San Francisco

Family of 5 Hurt in 2-Alarm Mission District Fire in San Francisco

A family of five is seriously hurt after a two-alarm fire rips through their Mission District apartment while they were sleeping. Three of them, including children, are fighting for their lives. NBC Bay Area’s Stephanie Chuang reports.

A family of five were hurt, some of them critically, in a two-alarm fire that tore through an apartment building on top of a liquor store they own on Wednesday morning in San Francisco’s Mission District.

San Francisco Fire Chief Joanne Hayes-White told NBC Bay Area that a father and his son and daughter were were badly hurt and taken to San Francisco General Hospital with possible life-threatening injuries, though relatives said later they are "OK."

A mother and her son were taken in "very serious" condition to St. Francis Hospital.

All five were rescued through windows, out the front door or the back after the fire was reported before 4:30 a.m. at 3049 24th Street above Maurice's Corner Liquors. A cousin said the children are 17, 12 and 6. A relative told NBC Bay Area the family members are from Yemen, and have other children back in their home country.

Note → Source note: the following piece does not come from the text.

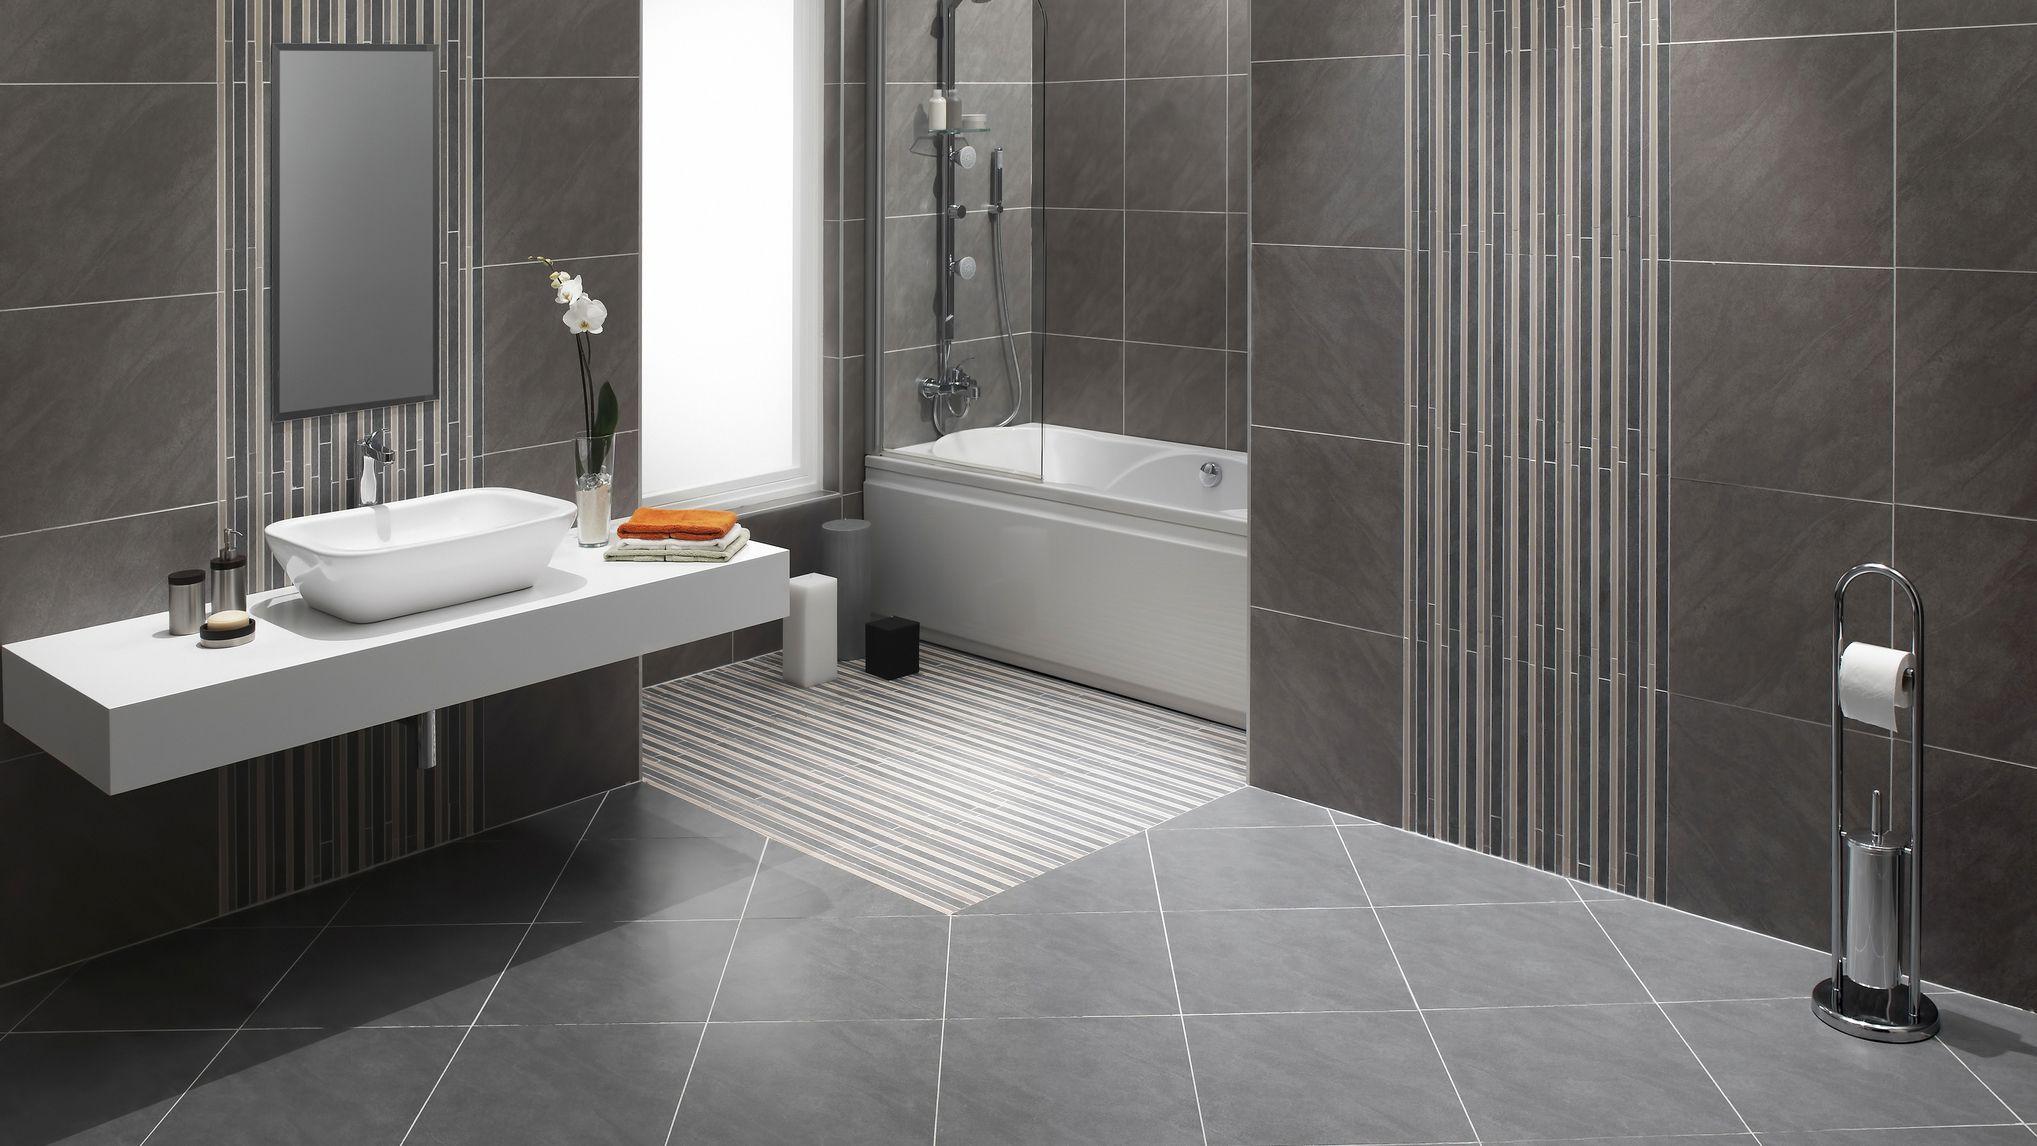 A Diagonal Tile Layout For Bathroom Floor

"It was a tricky rescue," Hayes-White said. "It was a difficult scene. There was screaming and yelling. It was emotional."

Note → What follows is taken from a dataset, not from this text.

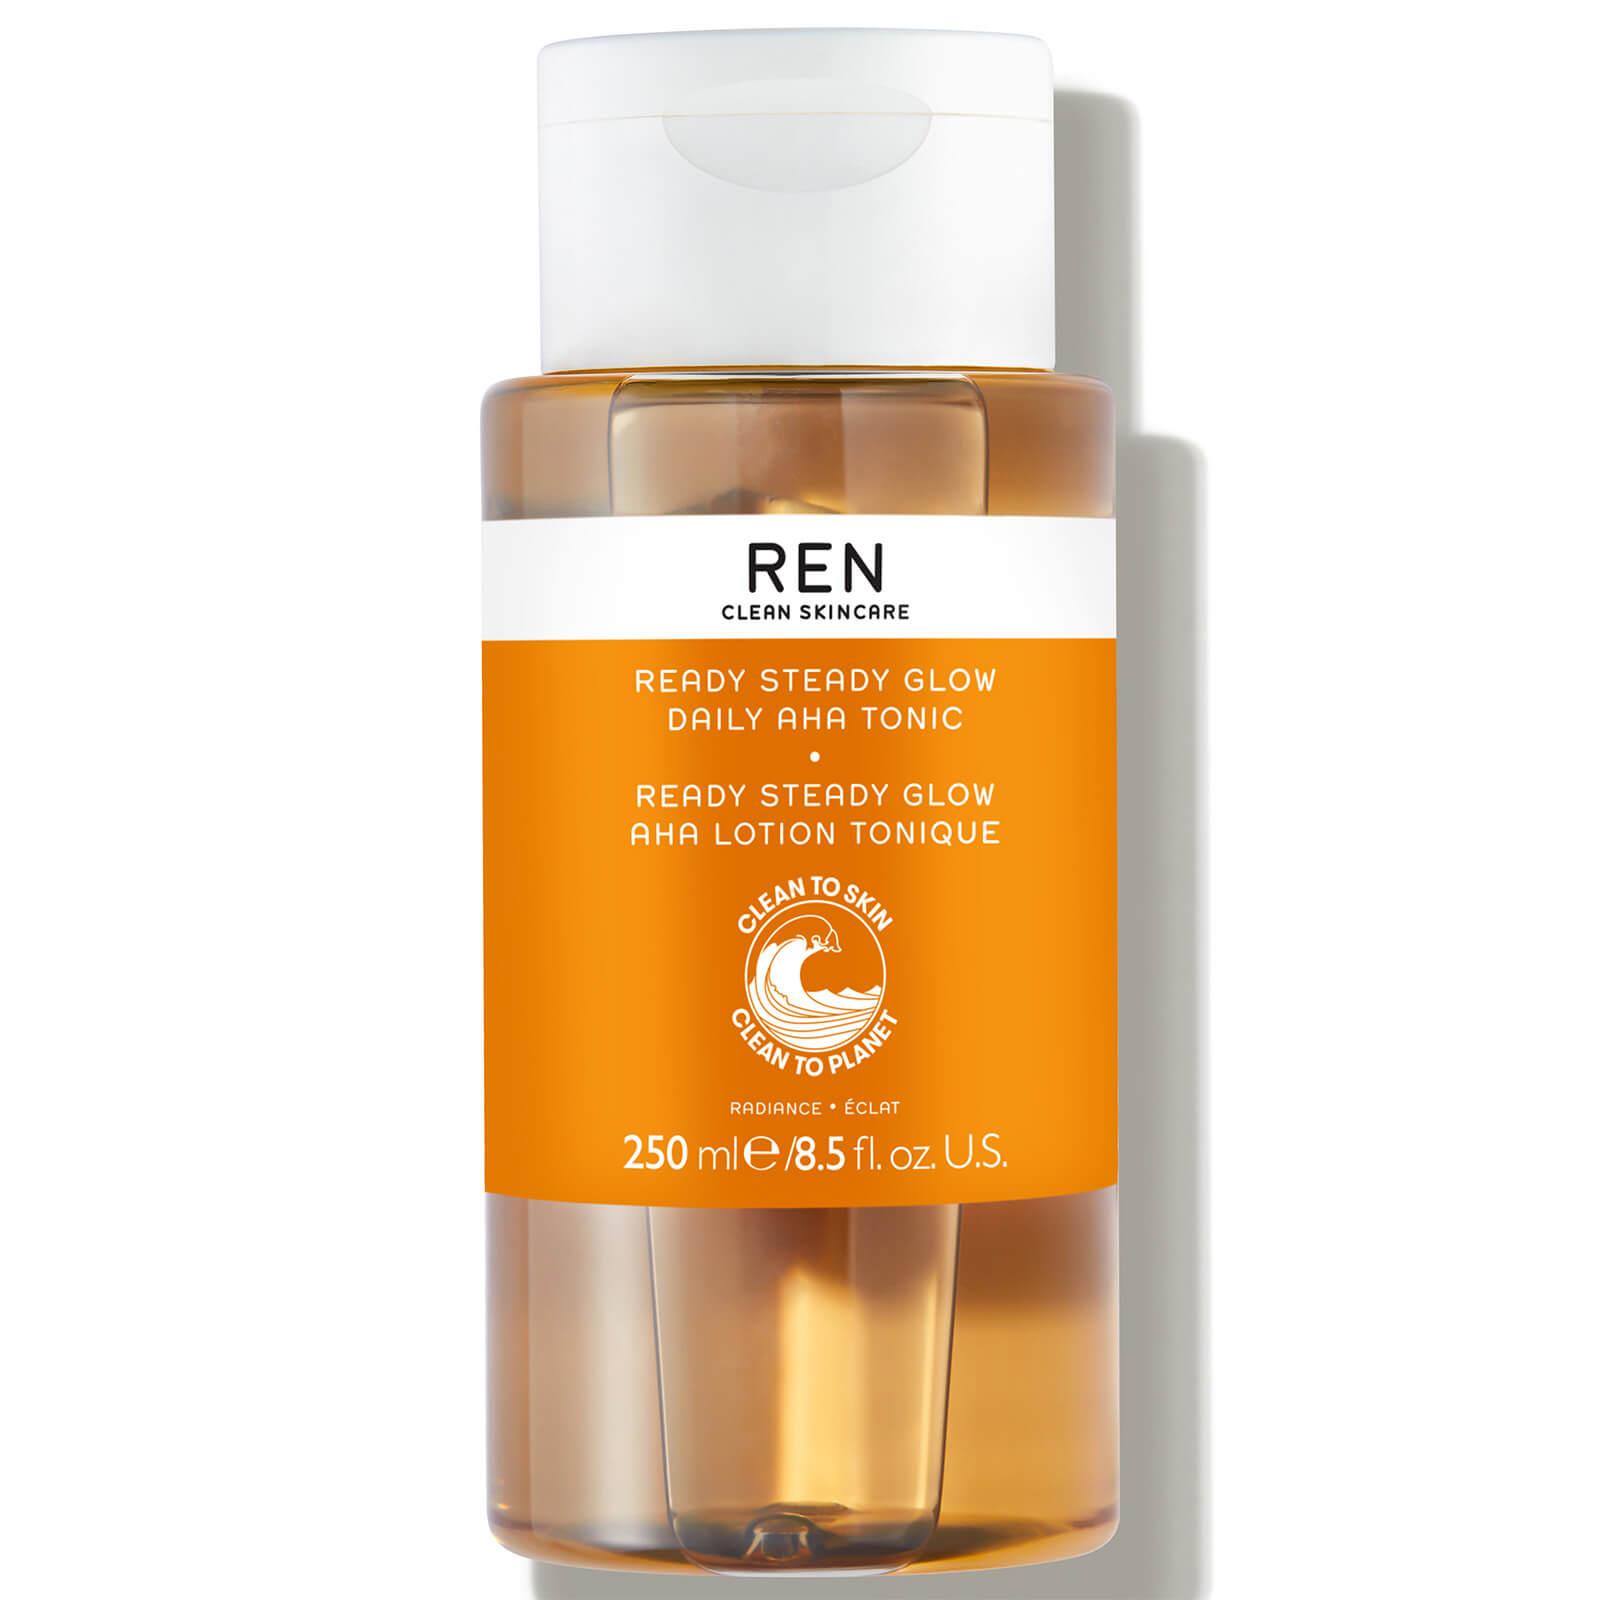 Купить Тоник для сияния кожи REN Ready Steady Glow Daily AHA Tonic

Two other people were found padlocked inside the liquor store located below the apartment, Hayes-White said, and they were sleeping illegally inside on mattresses. A cousin said the pair worked in the store.  Firefighters had to cut the padlocks off the door to rescue them.

Neighbors said the family owned the liquor store below the apartment. "It's awful and said," Jim Meek said. "They're entrepreneurs and it's sad to see them suffer a loss."

An arson team is investigating the cause of the blaze.